Posted in Archives, Campagnes, Communiqués, Ville de Mexico on 2 juillet 2014 by liberonsles

FuegoCarcel-JorgeLinares-LR-3
Écrit par la famille et les proches de Jorge Mario González García
Juin 2014

Au peuple en général
Aux médias libres et indépendantes

Après plus de 8 mois de séquestration de notre compagnon Mario González par l’État Mexicain, sa situation juridique arrive à une étape cruciale, dont dépend la résolution de son cas : de la décision des autorités fédérales dépendra le fait que Mario retrouve sa liberté ou reste incarcéré le temps fixé par sa sentence (5 ans et 9 mois de prison).

Pour rappel :

- le 2 octobre 2013, il a été arrêté de façon illégale, sans mandat d’arrêt et sans qu’il soit pris en « flagrant délit », c’est-à-dire au moment de commettre un délit.

- Le 8 octobre, au moment de quitter la prison, sa détention a été prolongée et ce même jour il a commencé une grève de la faim.

- Le 3 décembre, après 56 jours et dans un état de santé critique, il met fin à sa grève de la faim sans avoir eu droit à une seule audience, car toutes ont été reportées par la juge  Marcela Angeles Arrieta.

- Le 10 janvier 2014 il reçoit une sentence de 5 ans et 9 mois de prison pour le délit d’attaques à la paix publique, sans preuves à son égard.

- Le 21 mars, Celia Marín Sasaki, magistrate de la cinquième chambre du tribunal supérieur de justice de la ville de Mexico (TSJDF), ratifie la sentence.

- Le 8 mai, un recours (Amparo) a été présenté par la défense de Mario au deuxième tribunal collégial pénal de la ville de Mexico.

- Les magistrats de ce tribunal seront responsables de la résolution de ce recours d’Amparo direct (d’habeas corpus) qui laisse concrètement deux possibilités :

                 1. Que ce recours (d’Amparo) lui soit accordé, d’une part à cause des multiples violations aux droits humains et des irrégularités commises tout au long du procès par les autorités du Gouvernement de la Ville de Mexico, de sa mise en détention jusqu’à aujourd’hui. Et d’autre part car les preuves à son encontre sont inexistantes et qu’en revanche une expertise menée par le Bureau du procureur général de la justice de la ville de Mexico a déterminé que les faits qui sont reprochés à Mario n’ont jamais eu lieu.

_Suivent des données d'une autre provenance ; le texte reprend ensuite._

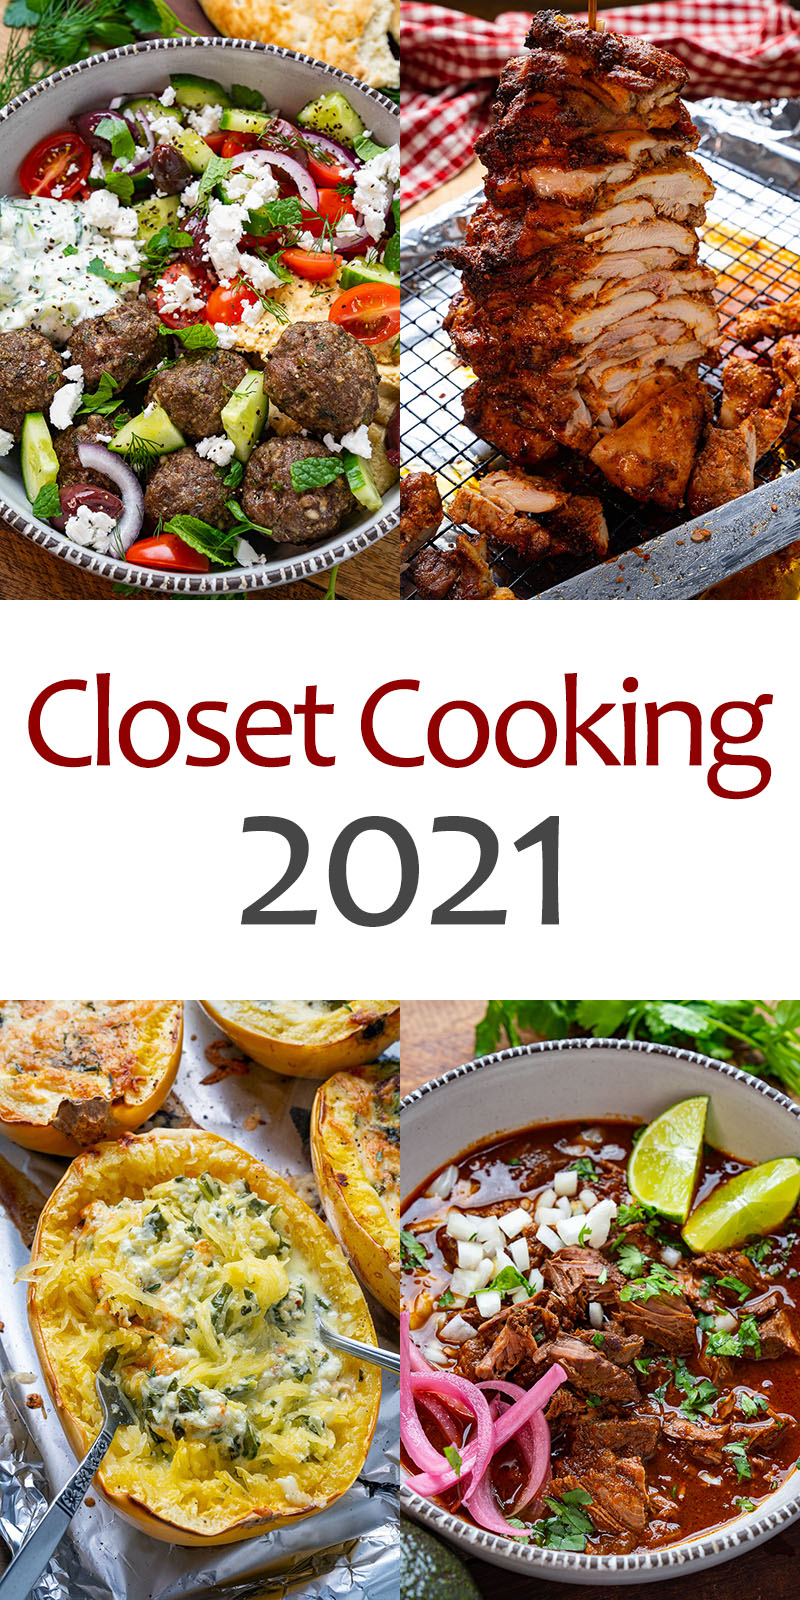 My Favourite Recipes of 2021
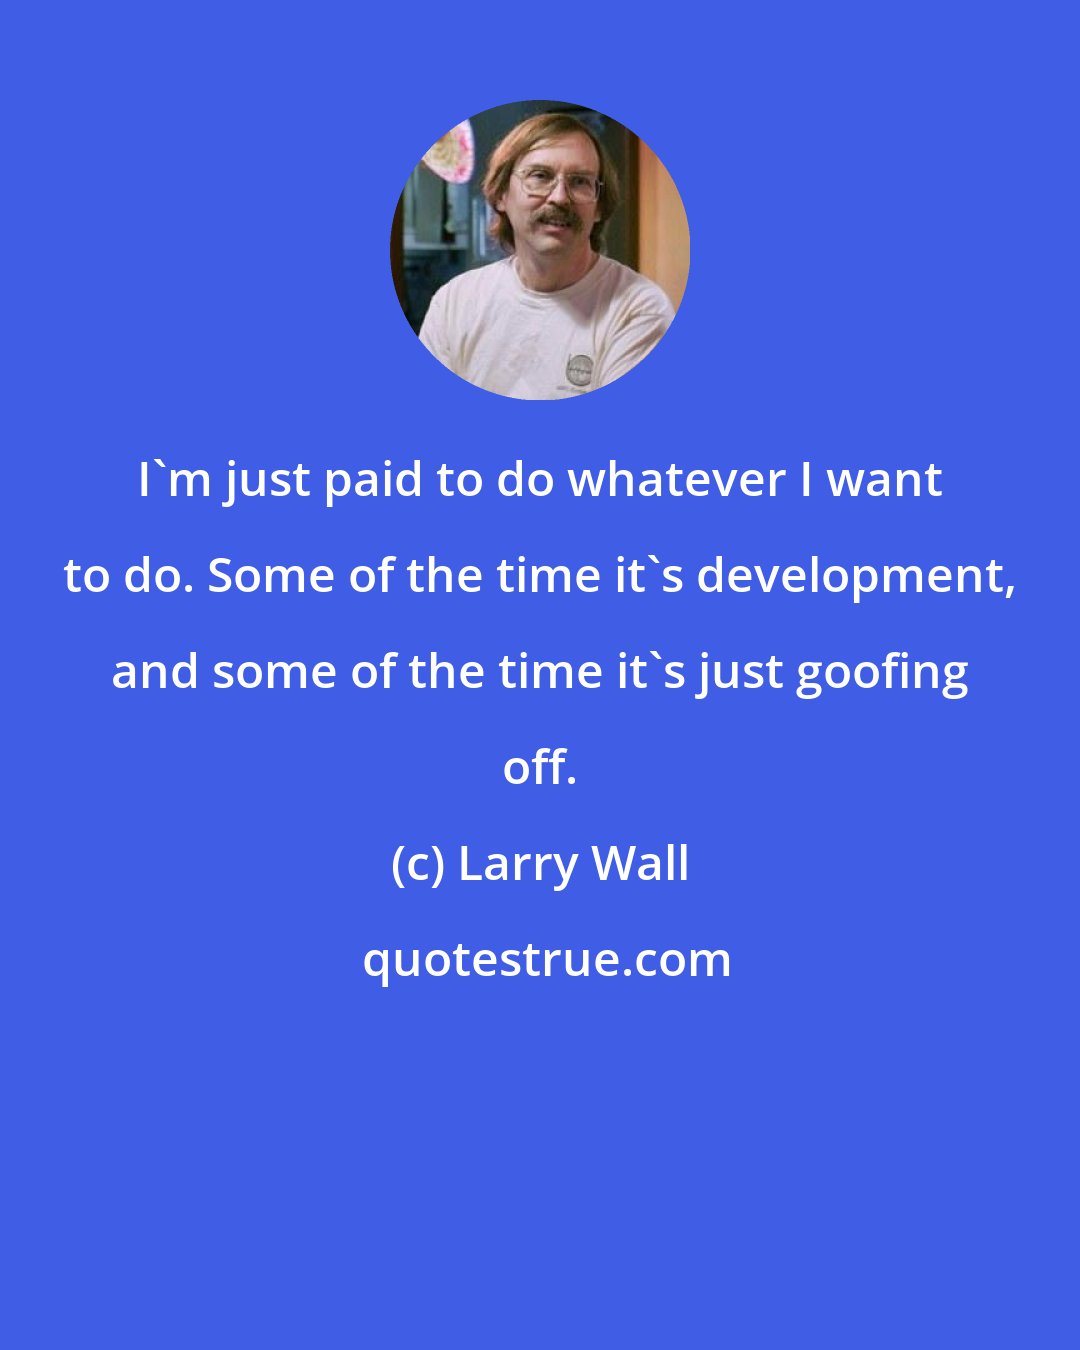 Larry Wall: I'm just paid to do whatever I want to do. Some of the time it's development, and some of the time it's just goofing off.

                2. Que le recours (Amparo) soit rejeté et que Mario reste en prison pendant le temps dicté par sa sentence, c’est-à-dire  5 ans et 9 mois.

Ndt : Le 23 juin 2014, le pouvoir judiciaire fédéral place encore une fois le cas de Mario entre les mains de la juge et magistrate de consigne, Celia Marín Sasaki, présidente de la cinquième chambre pénale du Tribunal Supérieur de justice de la ville de Mexico, qui devra se prononcer au début du mois de juillet sur la libération de Mario. La prochaine audience de Mario aura lieu le 8 juillet 2014.

Pour toutes ces raisons la famille et les proches de Mario ont lancé un appel urgent à participer à la campagne pour la liberté de Mario : plusieurs actions et rencontres sont en cours au Mexique, une manifestation a eu lieu le 26 juin devant le tribunal à Mexico. D’autres initiatives, telles que l’envoi de messages à la juge Sasaki, exigeant la libération de Mario, ont été diffusées au niveau national et international. Ainsi, vous pouvez envoyer vos messages exigeant la liberté de Jorge Mario González García à :

celia.marin@tsjdf.gob.mx, sala.penal05p3@tsjdf.gob.mx

Dernièrement, la famille et les proches de Mario signalent : " Nous dénonçons le fait que tout au long de ces 8 mois, notre compagnon a été continuellement harcelé et intimidé par le personnel de la prison, les matons de la tour médicale de Tepepan, en particulier par Teodoro Arismendi et Raúl Clemente".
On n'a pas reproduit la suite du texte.